## Source data
BEGIN

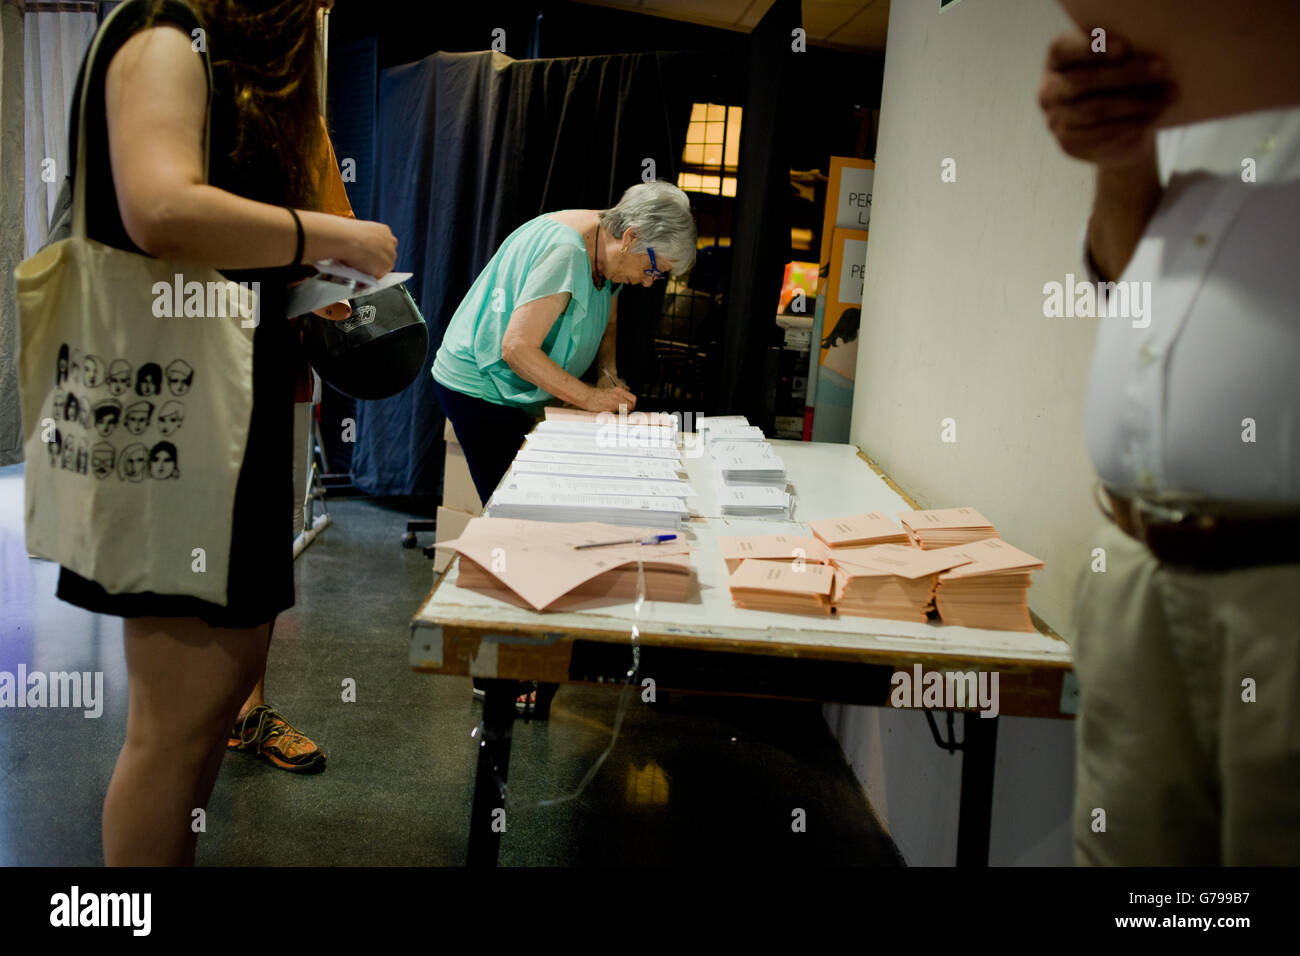 June 26, 2016 - Barcelona, Catalonia, Spain - A woman looks at ballots in a polling station in Barcelona, Spain. Spaniards are voting its second general election after six months of caretaker government. (Credit Image: © Jordi Boixareu via ZUMA Wire) Stock Photo
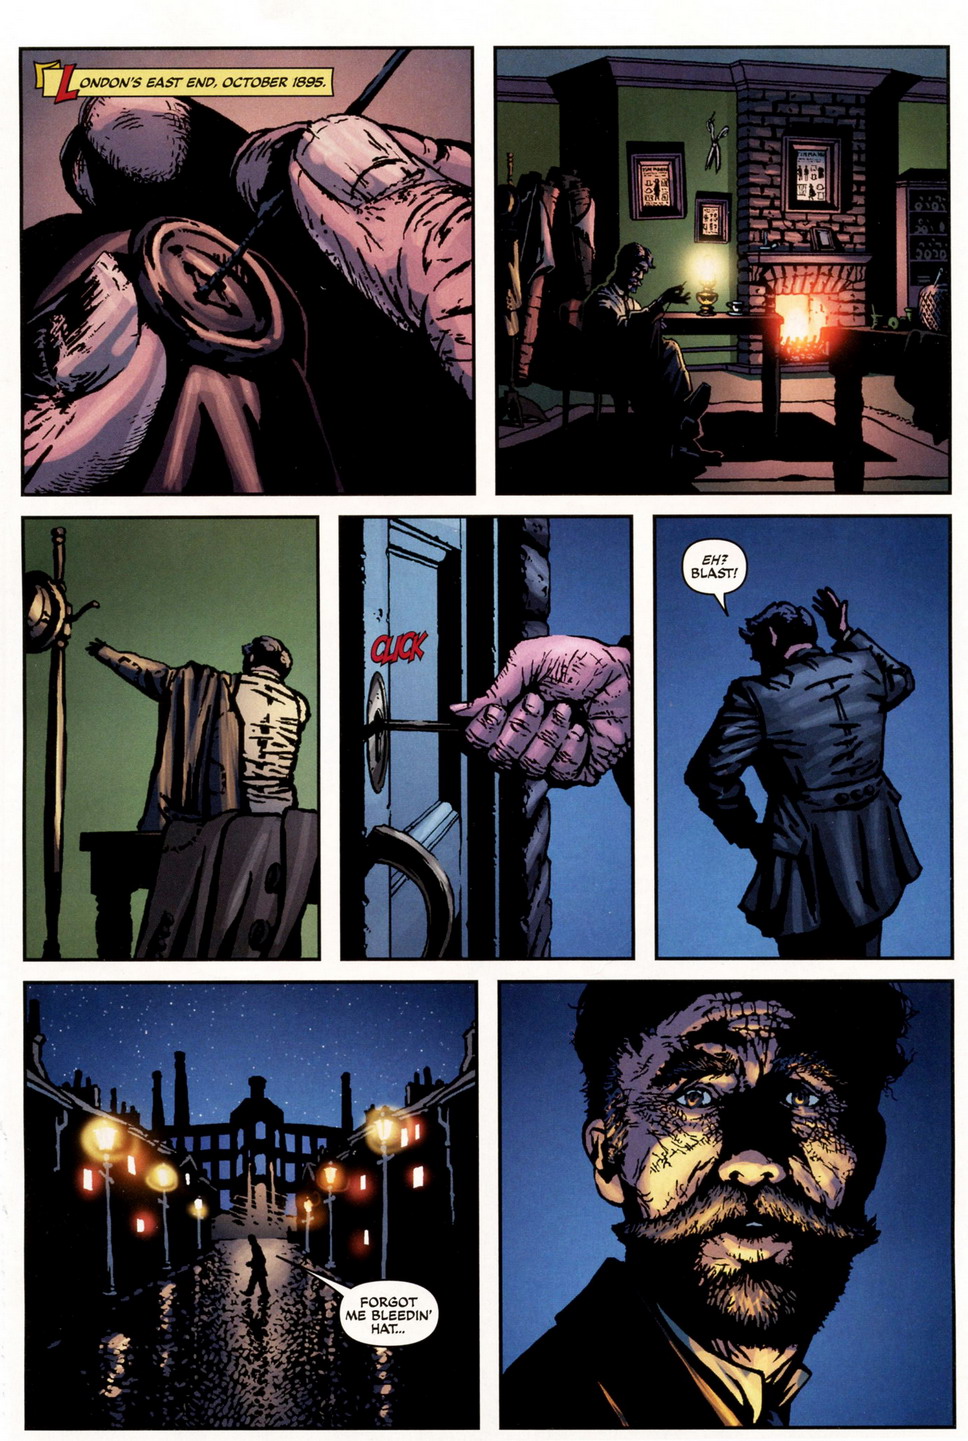 Sherlock Holmes (2009) issue 1 - Page 3
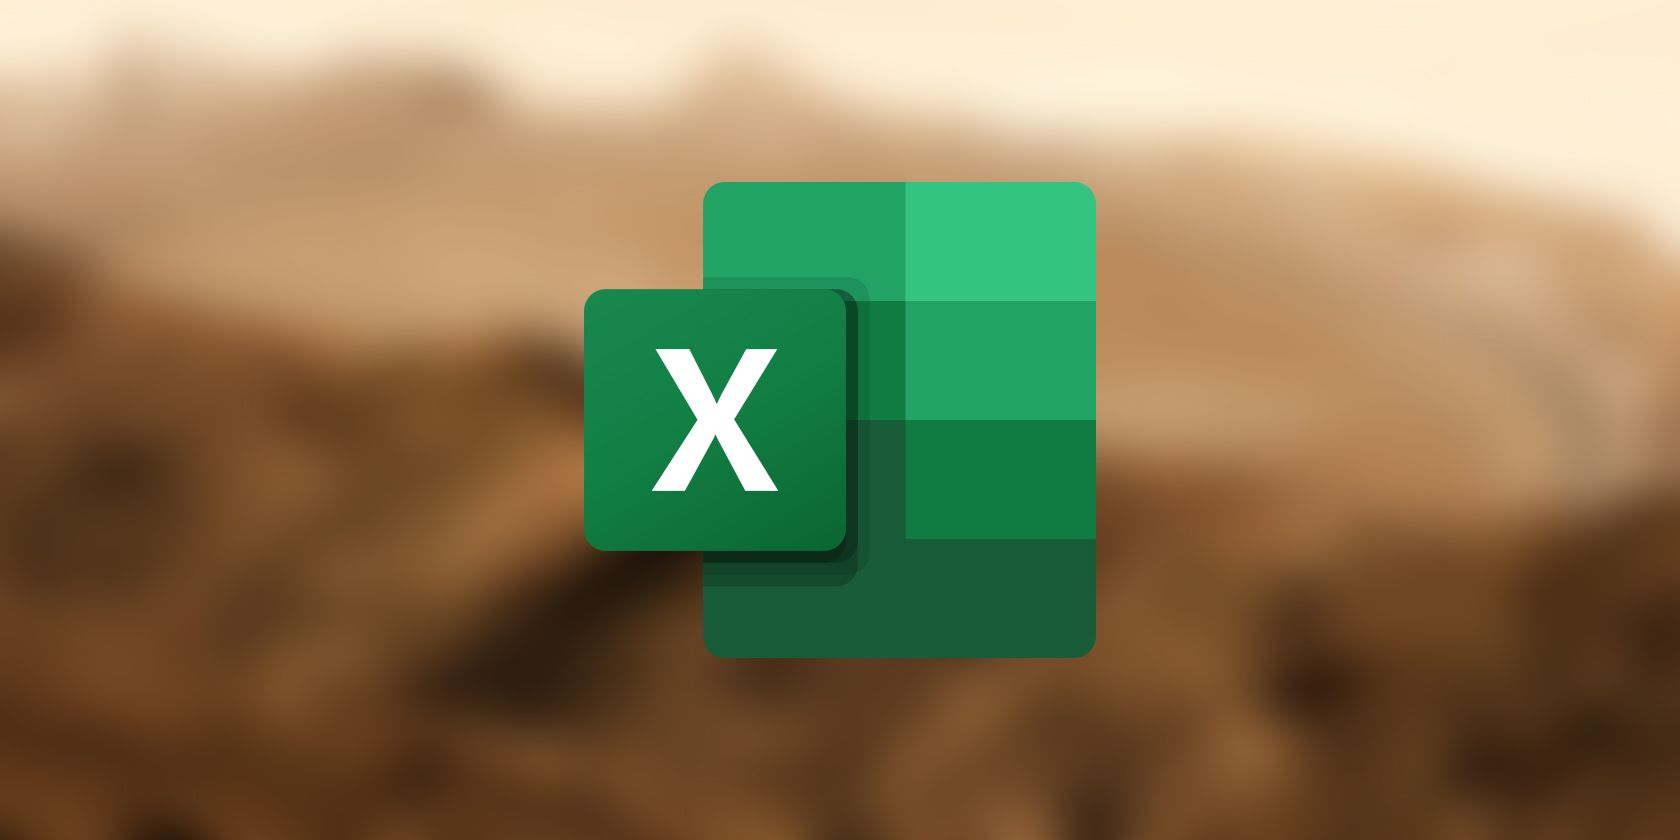 How to Sort Data Alphabetically in Excel
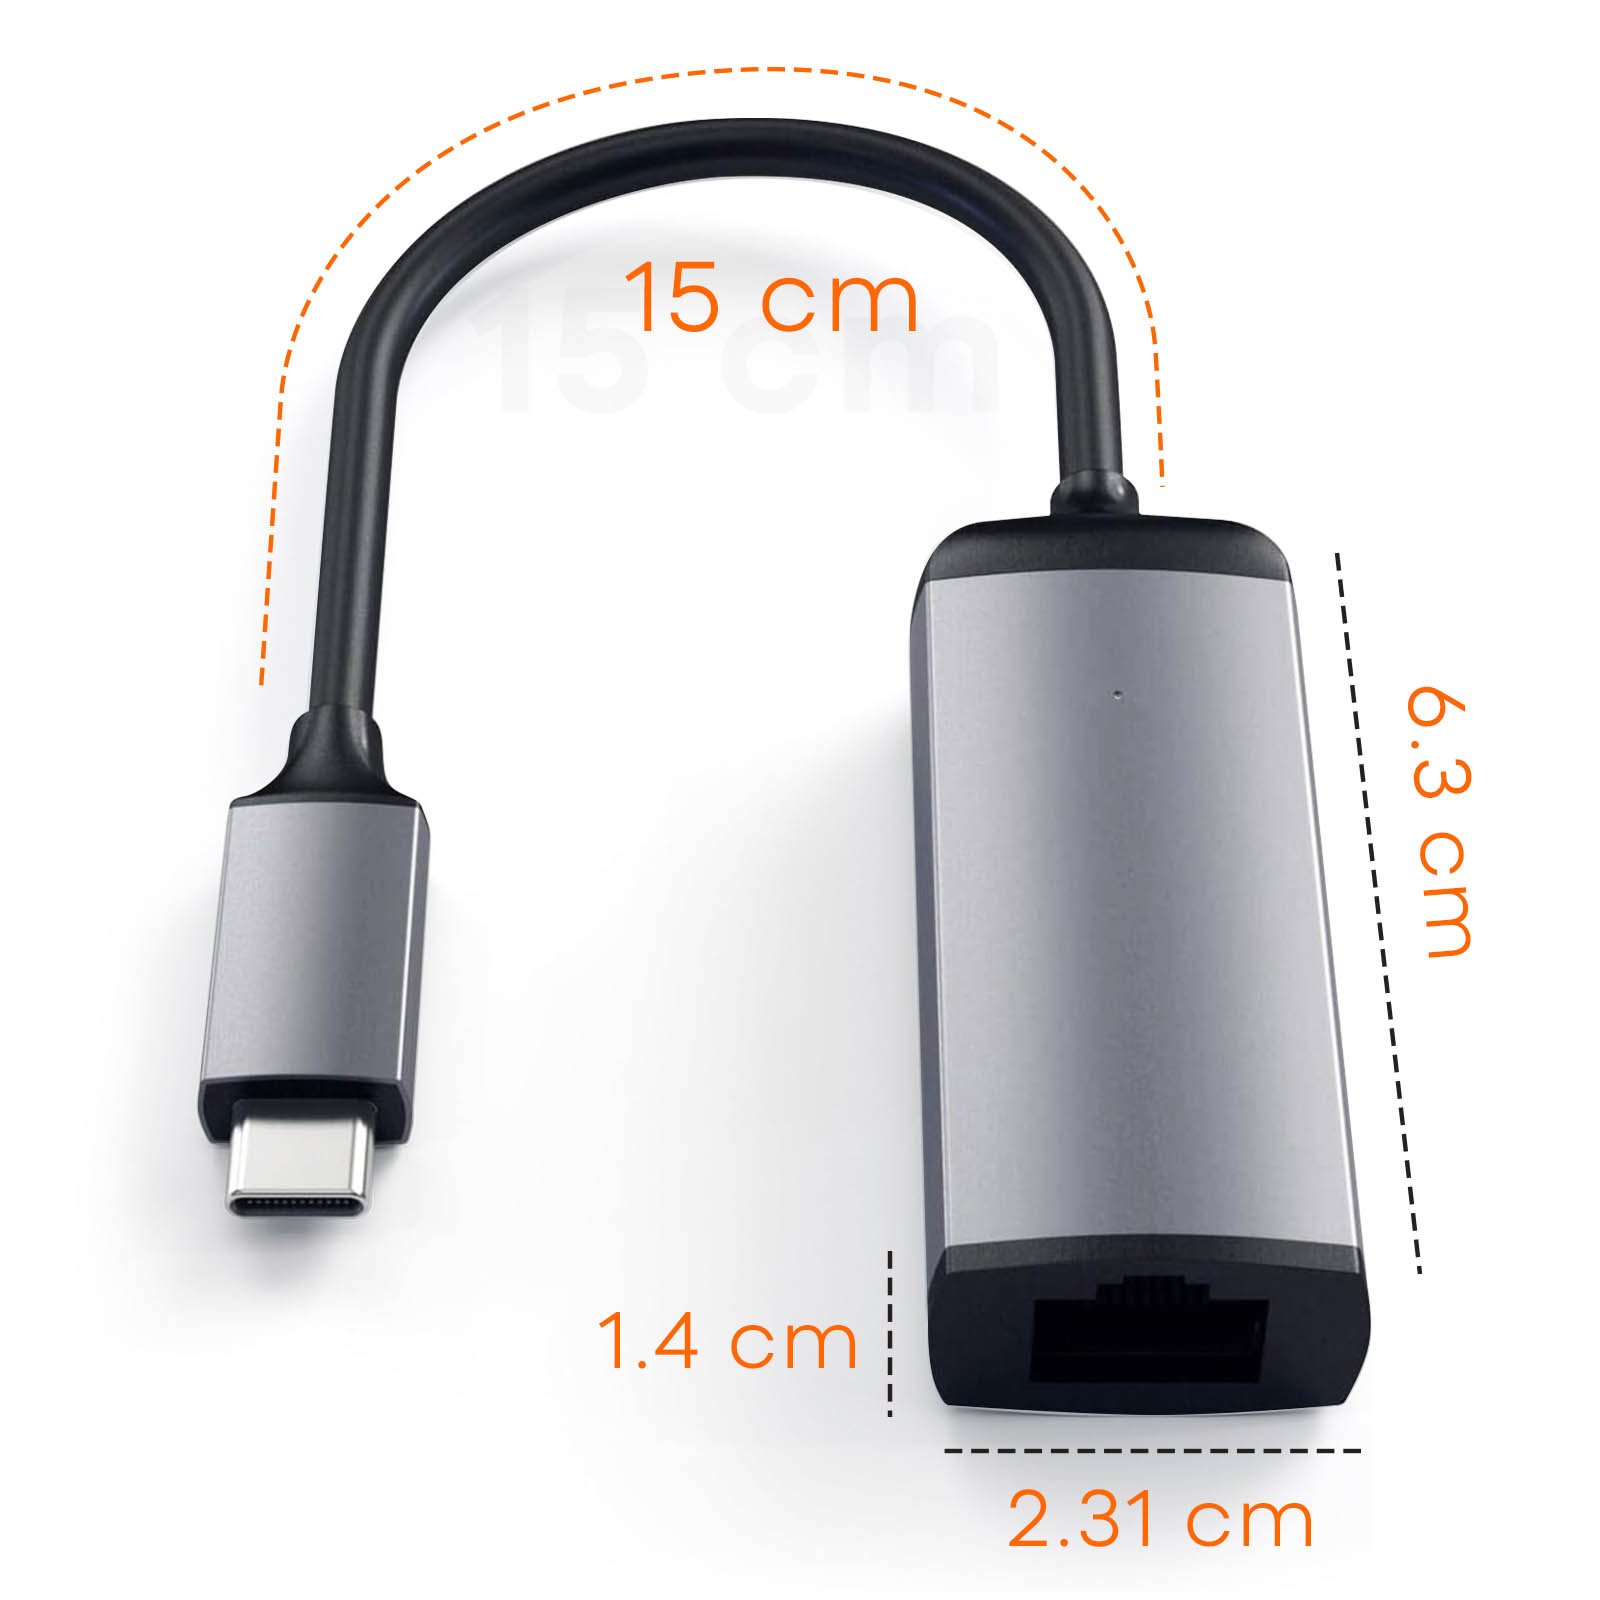 SATECHI ST-TCENS ADAPTER Adapter, ETHERNET Silber/Weiß SILVER TYPE-C TO

END

Your copy of the listing should match it exactly, apart from the pictures, which are left out.

 June 26, 2016 - Barcelona, Catalonia, Spain - A woman looks at ballots in a polling station in Barcelona, Spain. Spaniards are voting its second general election after six months of caretaker government. (Credit Image: © Jordi Boixareu via ZUMA Wire) Stock Photo
 Sherlock Holmes (2009) issue 1 - Page 3
 How to Sort Data Alphabetically in Excel
 SATECHI ST-TCENS ADAPTER Adapter, ETHERNET Silber/Weiß SILVER TYPE-C TO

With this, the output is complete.